Edit Distance
Given two words word1 and word2, find the minimum number of steps required to convert word1 to word2. (each operation is counted as 1 step.)
You have the following 3 operations permitted on a word:
a) Insert a character
b) Delete a character
c) Replace a charactertag: array, dynamic programming
教科书上着重介绍的内容,不不废话了。还是简单说下,这篇文章可能也会被初学者看到。
动态规划的基本思想,是从简单的初始条件出发,通过一些转移规则而逐渐解出复杂的情况。
这个问题里,我们需要维护一个编辑距离矩阵,里面记录着word1和word2的所有子串的编辑距离,包括本身。

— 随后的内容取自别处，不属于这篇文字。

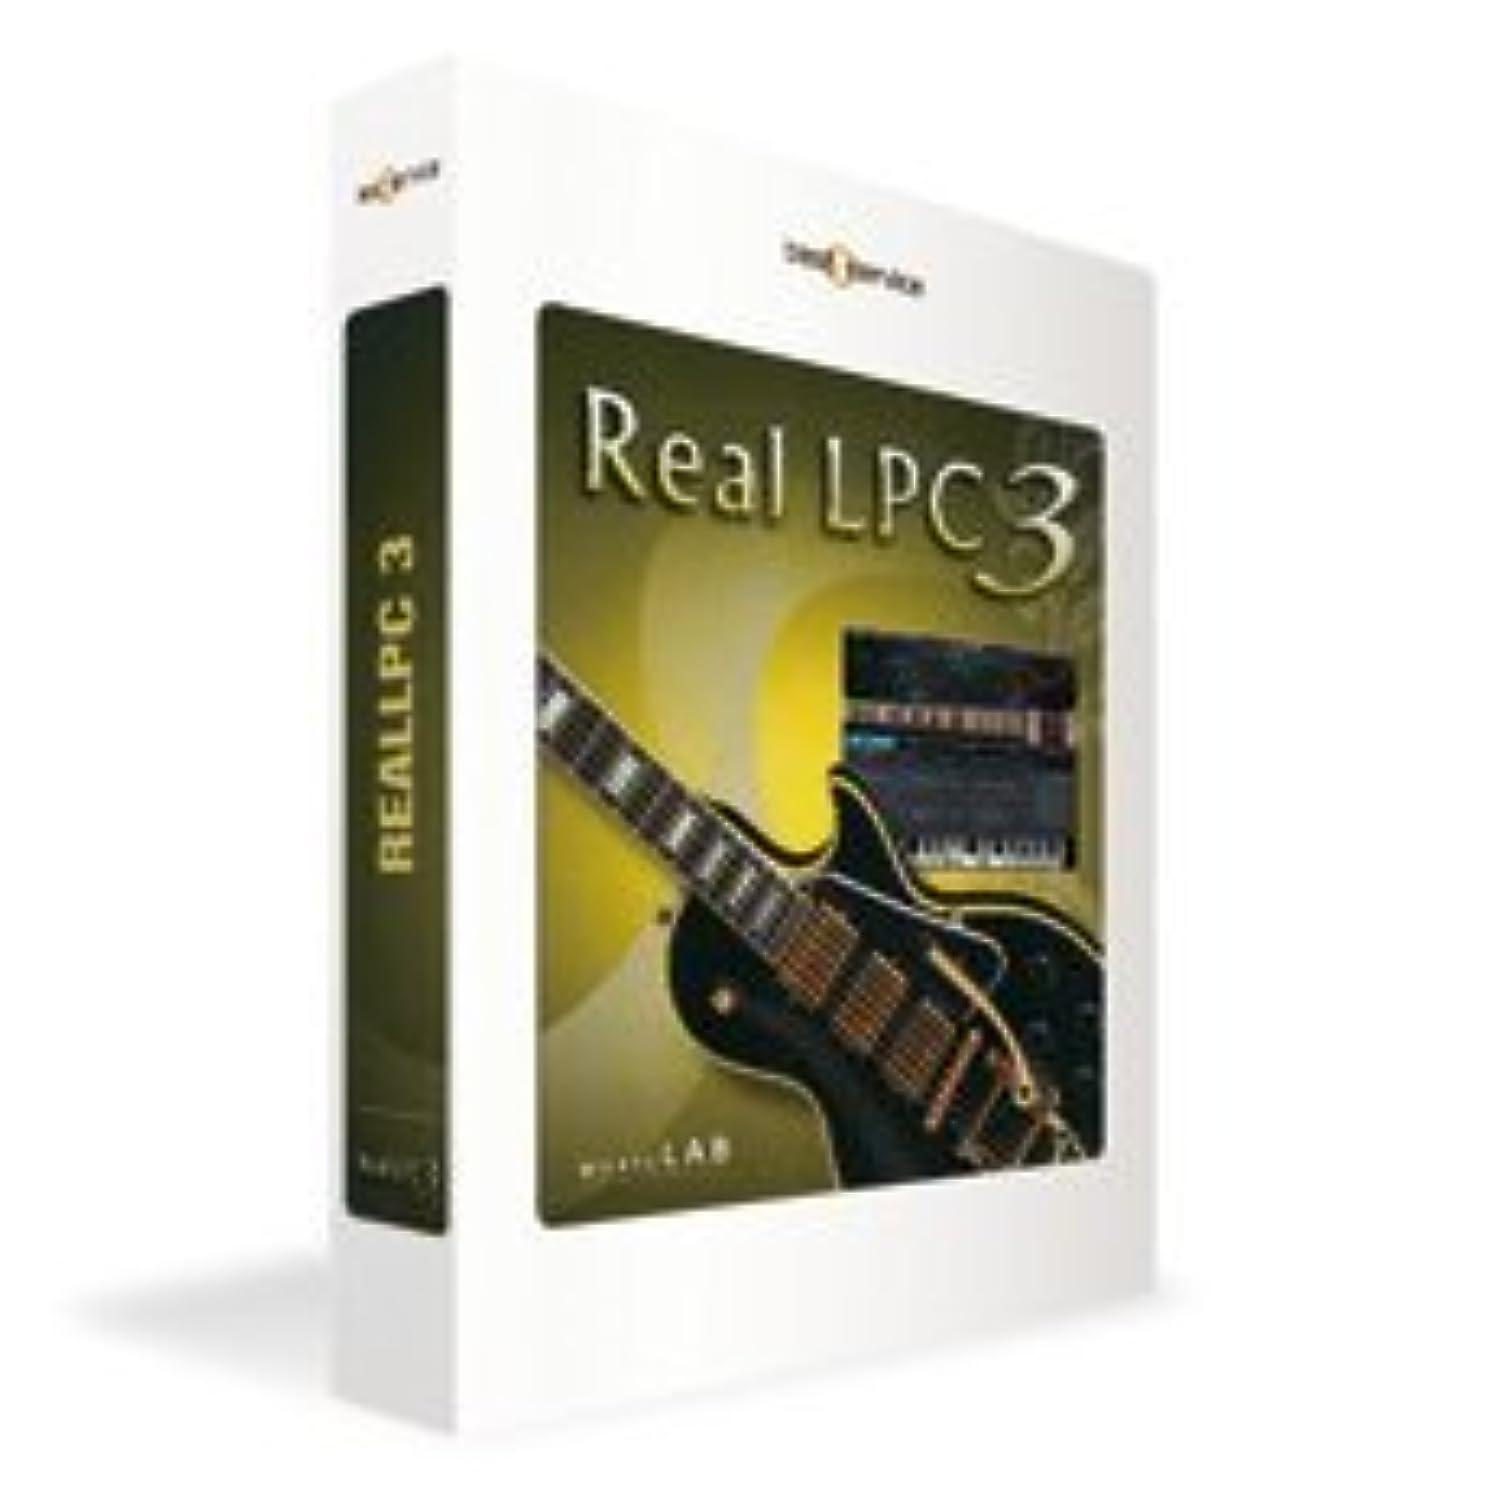 クロス花弁発掘◆MusicLab Real LPC 3◆並行輸入品◆リアル?レスポールカスタム音源◆Best Service◆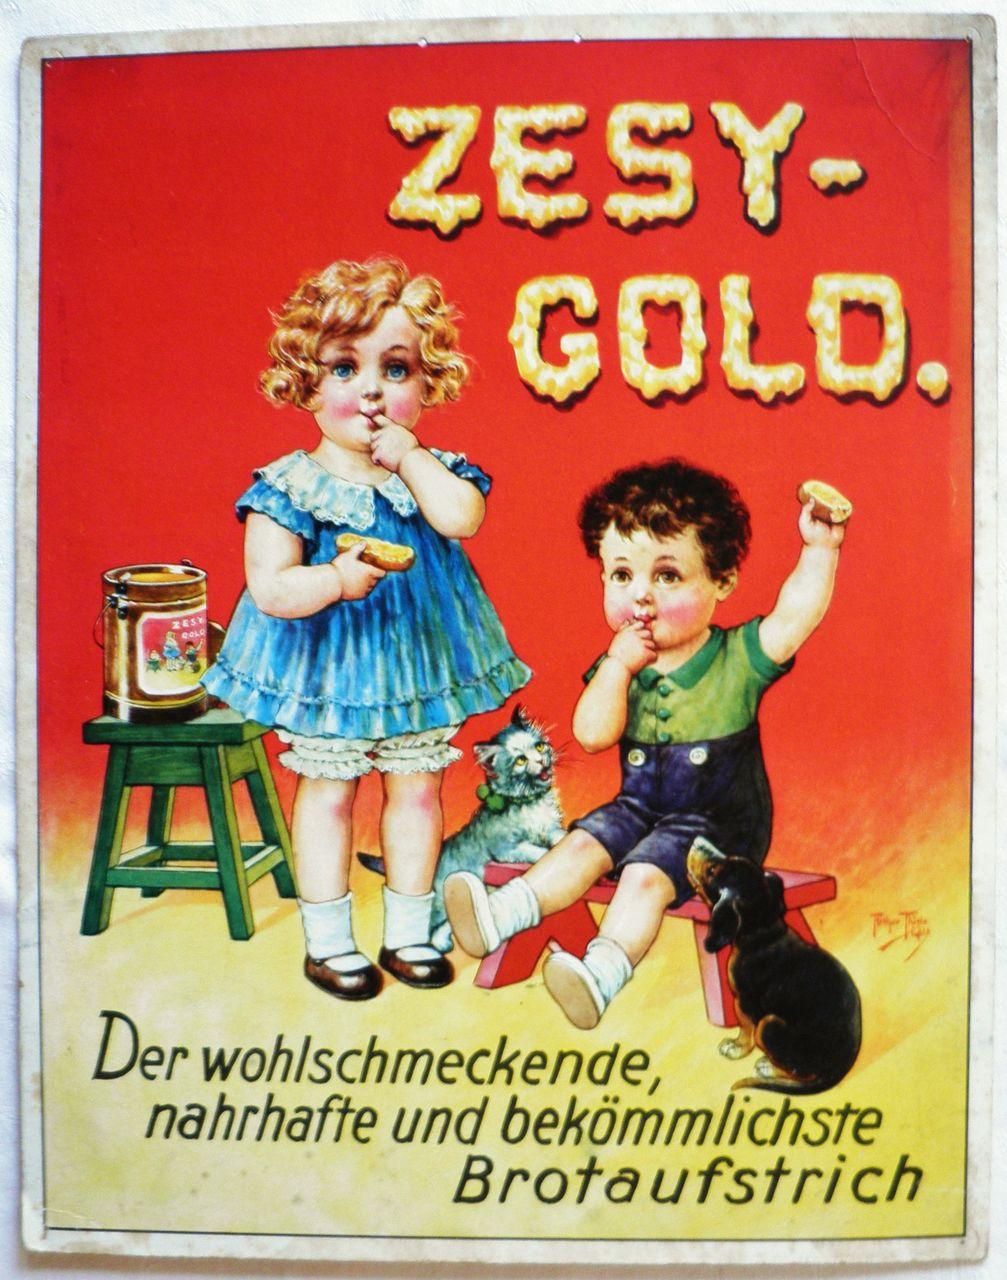 Arthur Thiele Poster

需要注意的是,当word1[i] == word2[j]时,map[i][j] = map[i-1][j-1]。而不是map[i][j] = min (map[i-1][j-1], map[i-1][j], map[i][j-1])。一开始这里记错了。以及,注意处理空字符串。
C++:
class Solution {
public:
int minDistance(string word1, string word2) {
int length = word1.length() + 1;
int height = word2.length() + 1;
int map[height][length];
//handle empty string
if (word1.empty()){
return word2.length();
}
else if (word2.empty()){
return word1.length();
}
//initialize edit distance matrix
for (int i = 0; i < length; i++){
map[0][i] = i;
}
for(int i = 0; i < height; i++){
map[i][0] = i;
}
for(int i = 1; i < length; i++){
for(int j = 1; j < height; j++){
//same character
if (word1[i-1] == word2[j-1]){
map[j][i] = map[j-1][i-1];
}
else{
map[j][i] = min(map[j-1][i-1], min(map[j-1][i], map[j][i-1])) + 1;
}
}
}
return map[height-1][length-1];
}
};